EXERCISE BRIEF: Where the line with "havana green ebay" appears below, start writing out lines exactly, and finish with the line with "La cocina es", which is included; write out nothing else.

RECORDS SUPPLIED:
+ + +
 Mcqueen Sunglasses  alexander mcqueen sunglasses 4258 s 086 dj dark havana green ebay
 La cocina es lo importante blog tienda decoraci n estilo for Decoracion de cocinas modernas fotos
+ + +
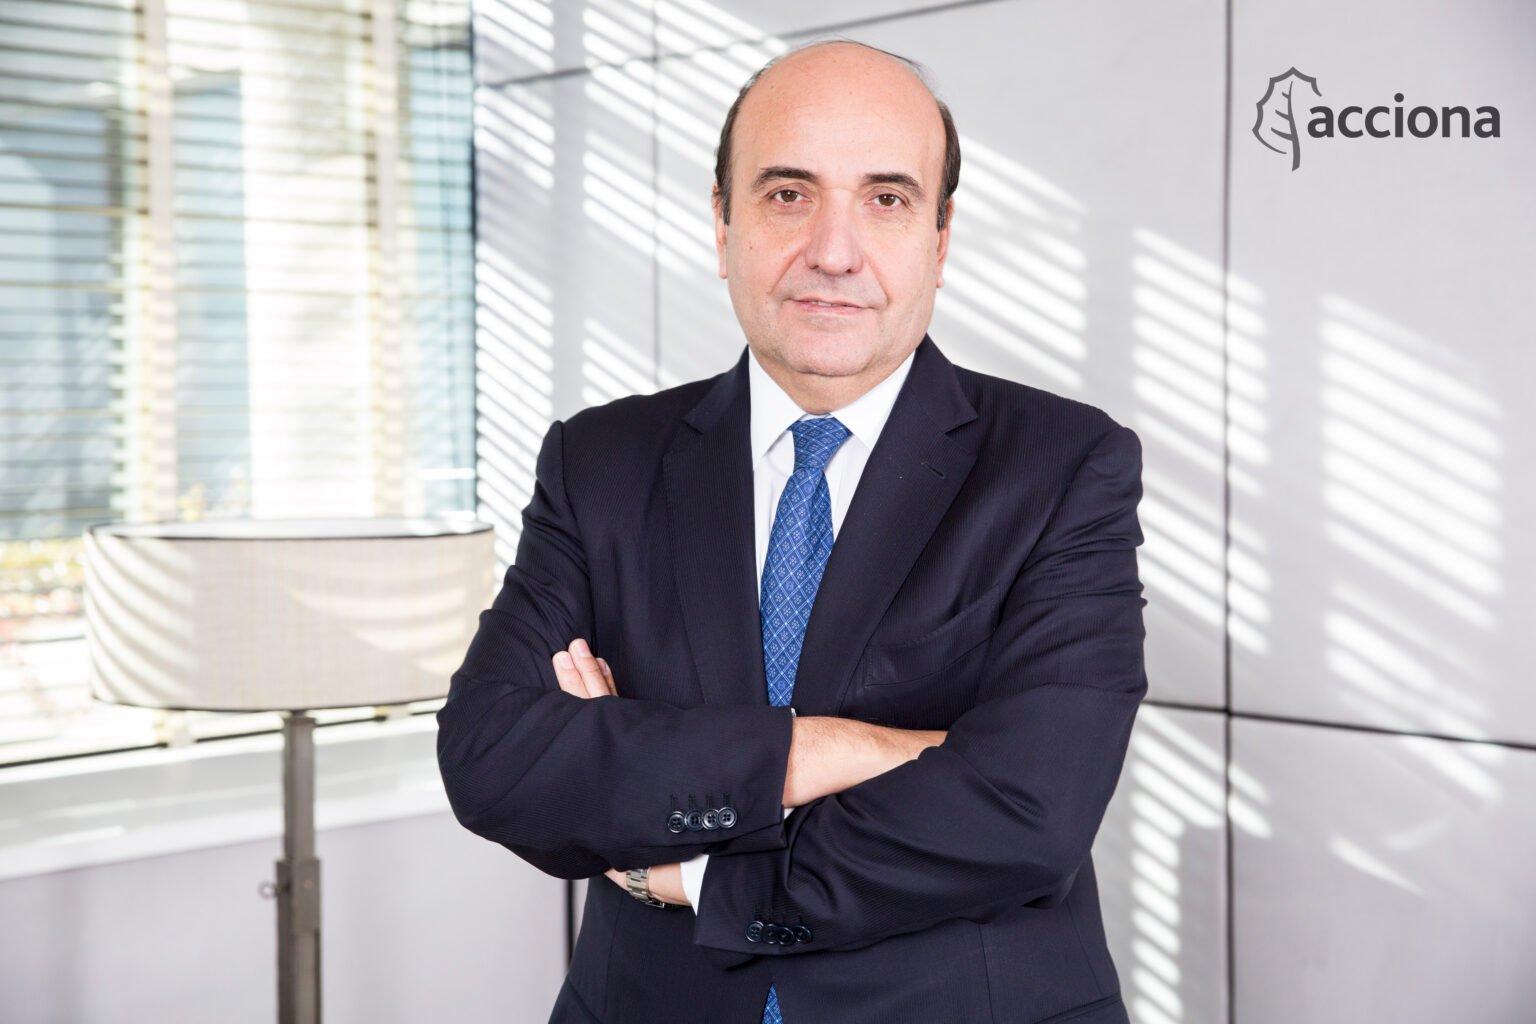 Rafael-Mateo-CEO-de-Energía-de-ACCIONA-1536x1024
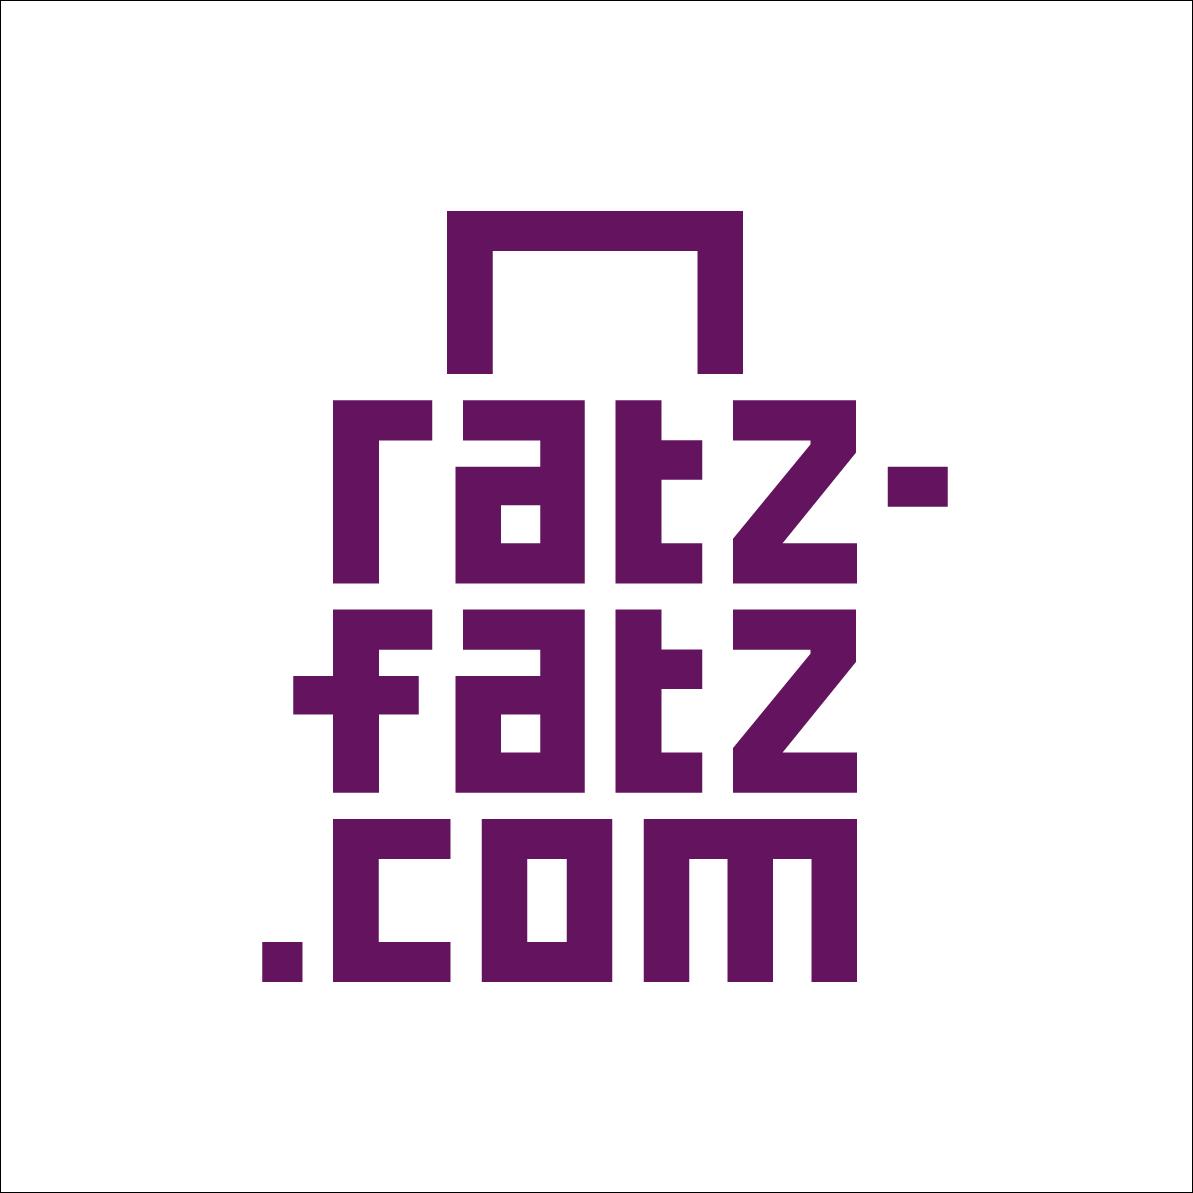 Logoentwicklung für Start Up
+ + +
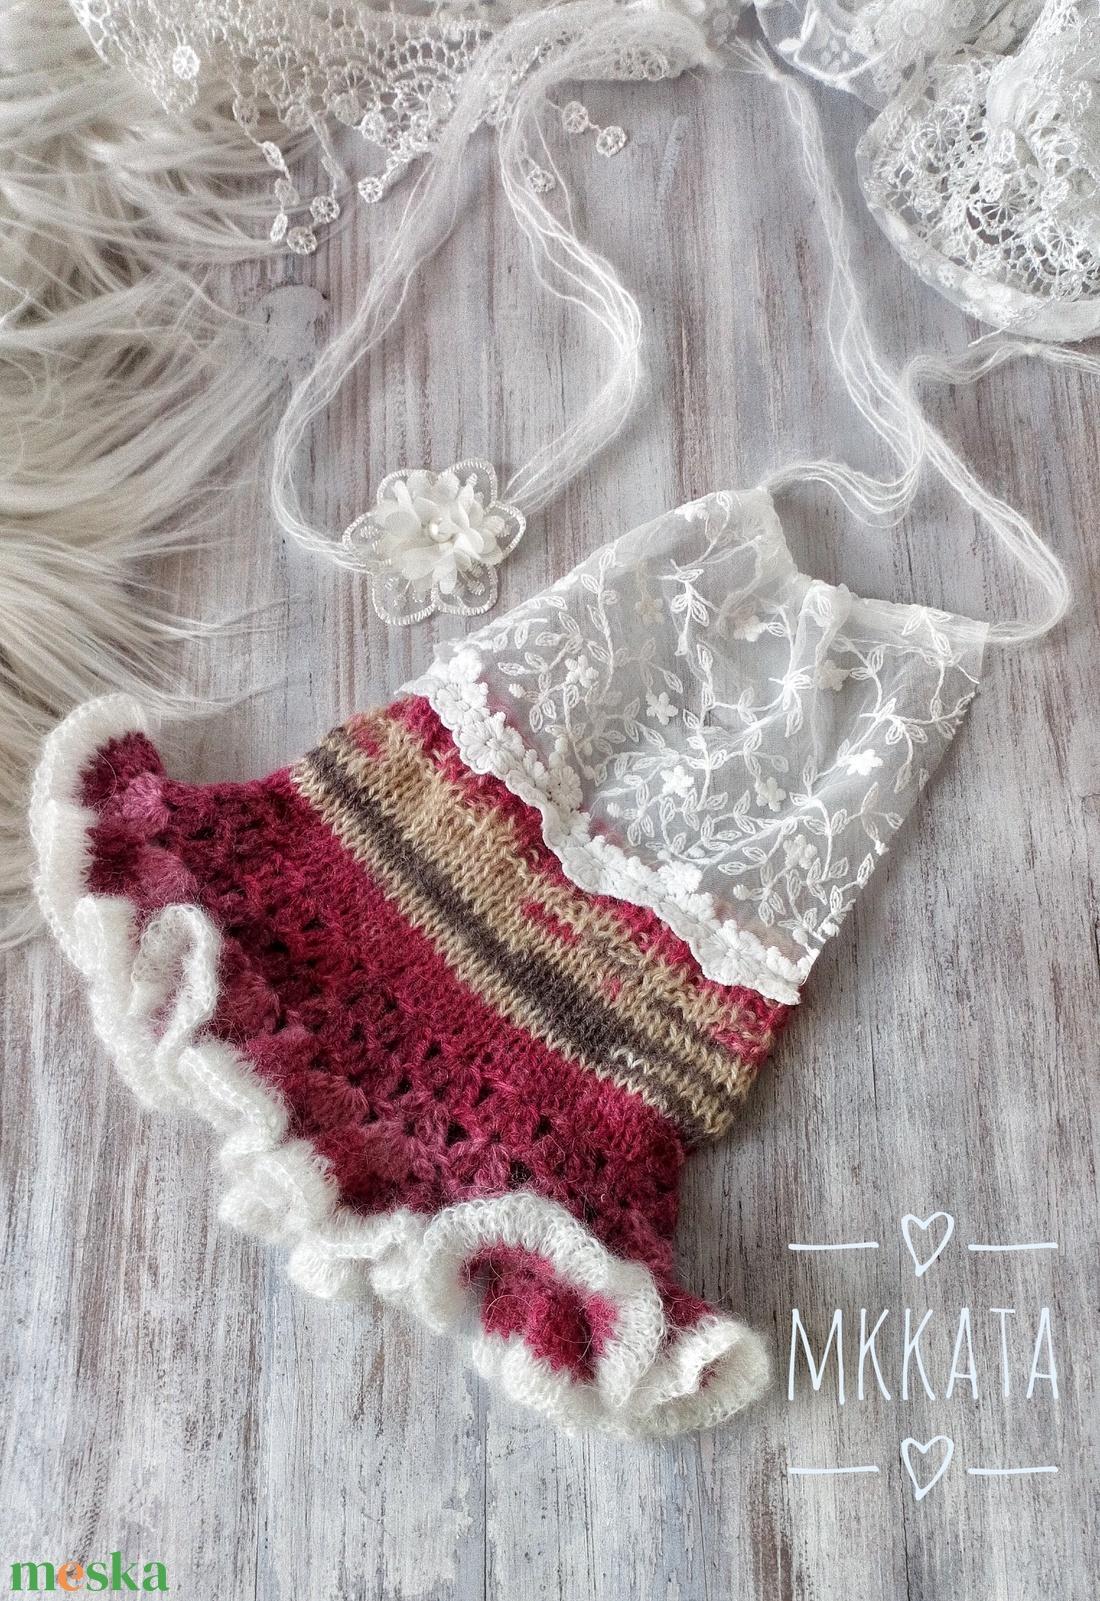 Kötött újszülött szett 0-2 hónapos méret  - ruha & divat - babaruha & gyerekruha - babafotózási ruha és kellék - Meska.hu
+ + +
OUTPUT OF THE EXERCISE:
 Mcqueen Sunglasses  alexander mcqueen sunglasses 4258 s 086 dj dark havana green ebay
 La cocina es lo importante blog tienda decoraci n estilo for Decoracion de cocinas modernas fotos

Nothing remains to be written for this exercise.